Luz Maria knows better than most how dangerous lack of health insurance can be: in 2000, she was diagnosed with breast cancer. She sought out county services, but had trouble obtaining eligibility. Meanwhile, her employer made taking time off to seek out county services almost impossible: “You don’t have time. If you call off, the next day they’ll call you up and suspend you.” Knowing all the while that her cancer could spread, Luz Maria had to find a way to have surgery at the county hospital. If she had had health insurance, Luz Maria could have had her surgery much sooner. “We really need health insurance,” she says, remembering her fight for her life.

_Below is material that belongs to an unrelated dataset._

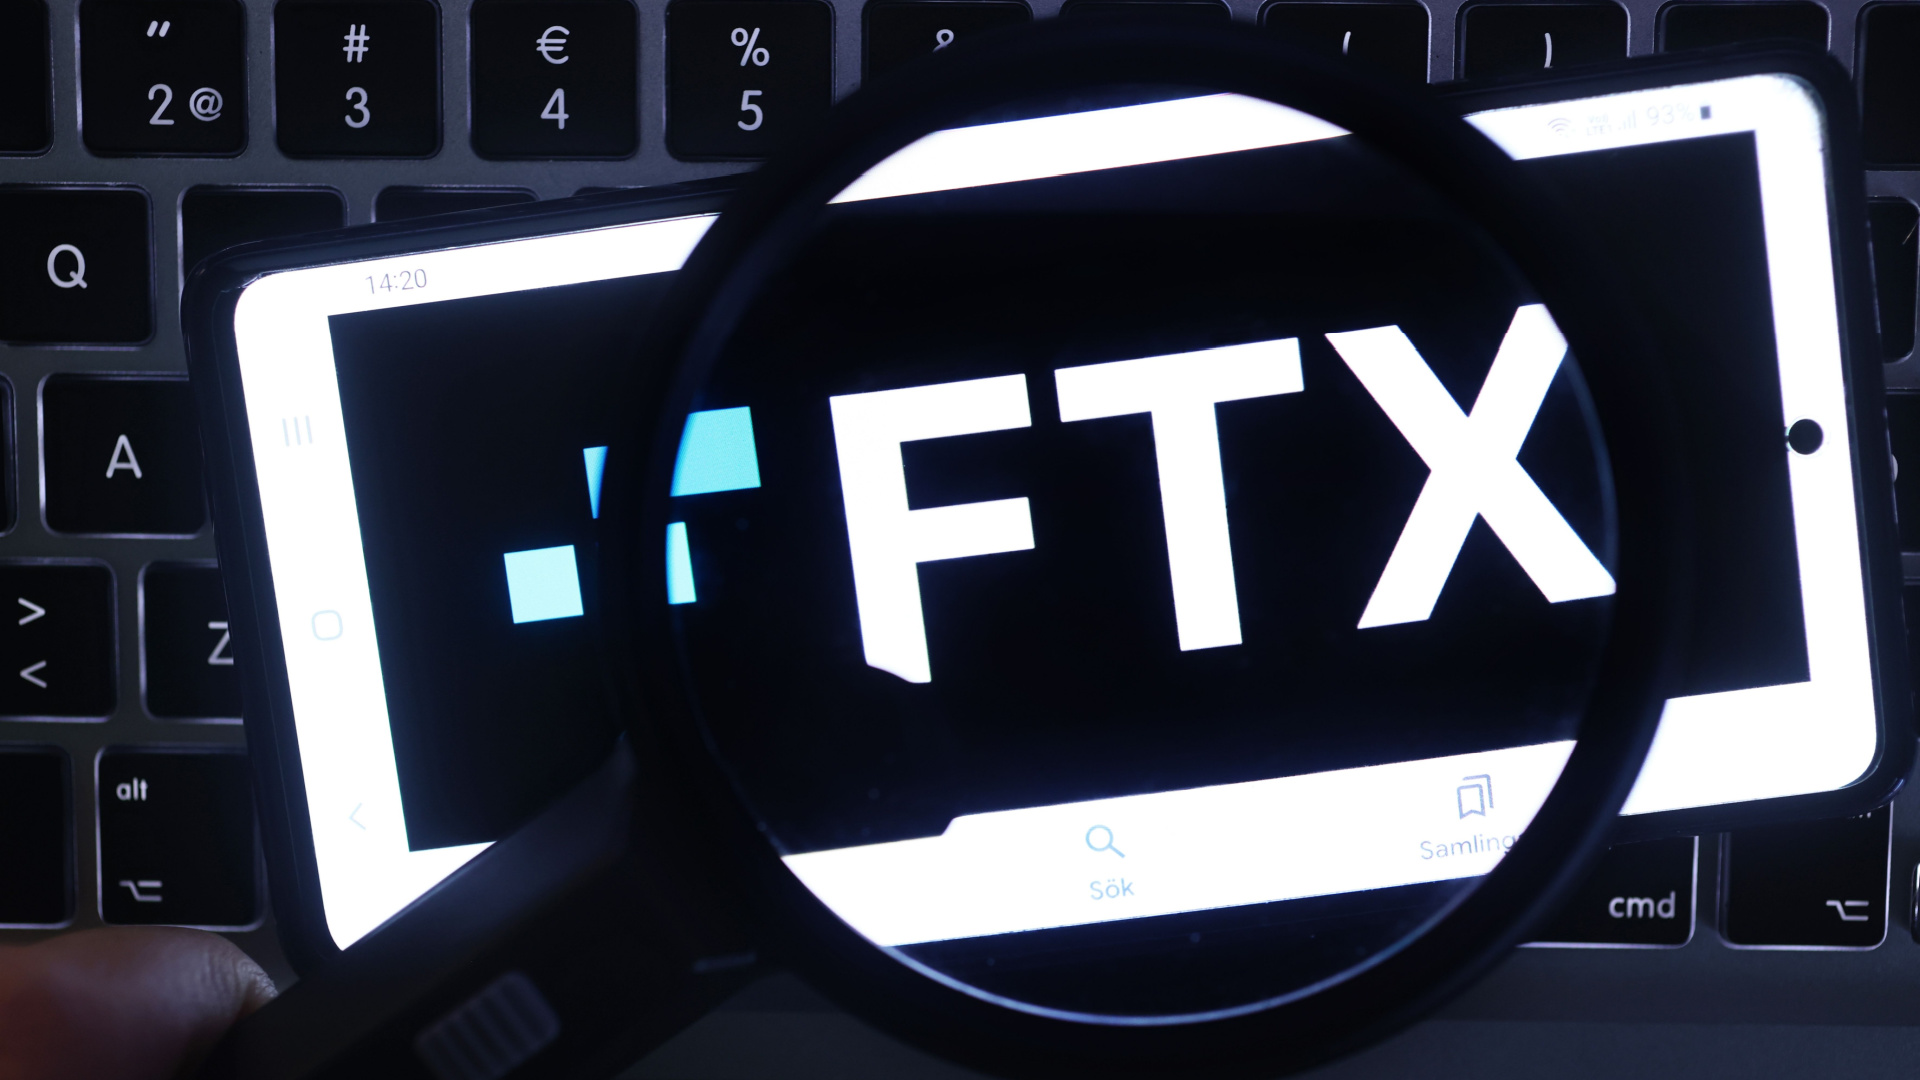 Ftx Hesaplarından Milyon Dolarlık Transfer Hareketi Gerçekleşti!
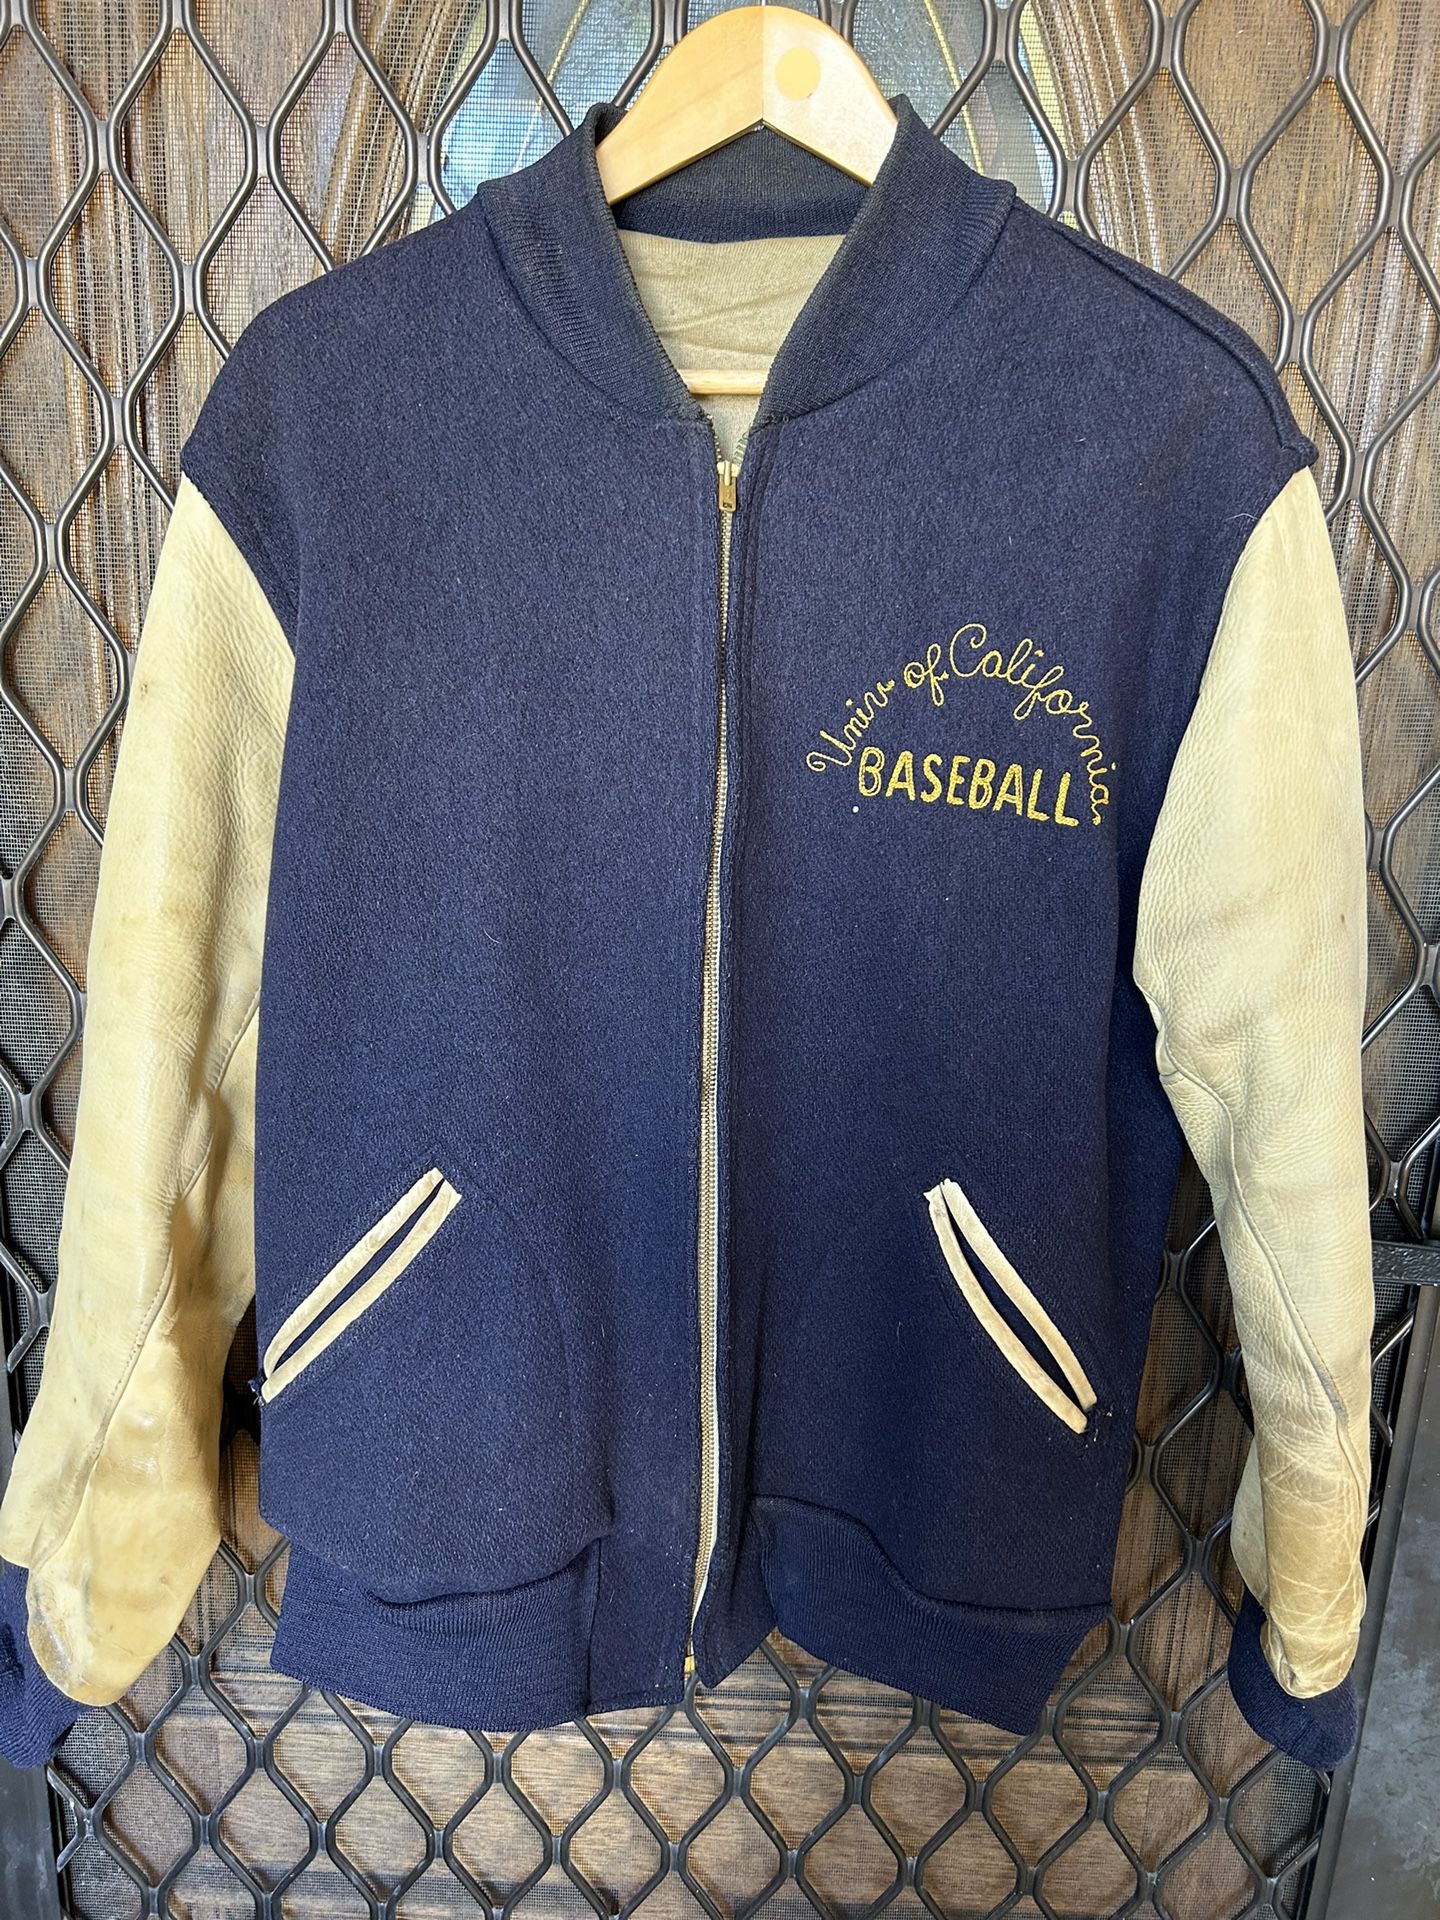 Vintage Whiting Size 44 ( Large) Varsity Letterman Jacket University Of California Baseball

Luz Maria’s health problems did not end in 2000. Now, she has been told by county doctors that she needs surgery because of deteriorated ligaments in her knee. Luz Maria feels her knee injury comes in part from years of carrying baggage and assisting passengers in wheelchairs. Ironically, a woman whose job has been helping the disabled may end up in a wheelchair herself. While she is on disability now, it expires in less than a month, and doctors have told her that she cannot renew it. Luz Maria knows that she is one of many workers who suffer from injuries which they cannot get treated. “Once or twice a year, they take us out to eat and think that that’s enough,” Luz Maria says of her employer. Luz Maria knows she has to have the surgery, but is afraid to do so: she will have to spend a long time recovering, and during that time she will not be earning the money she needs to survive.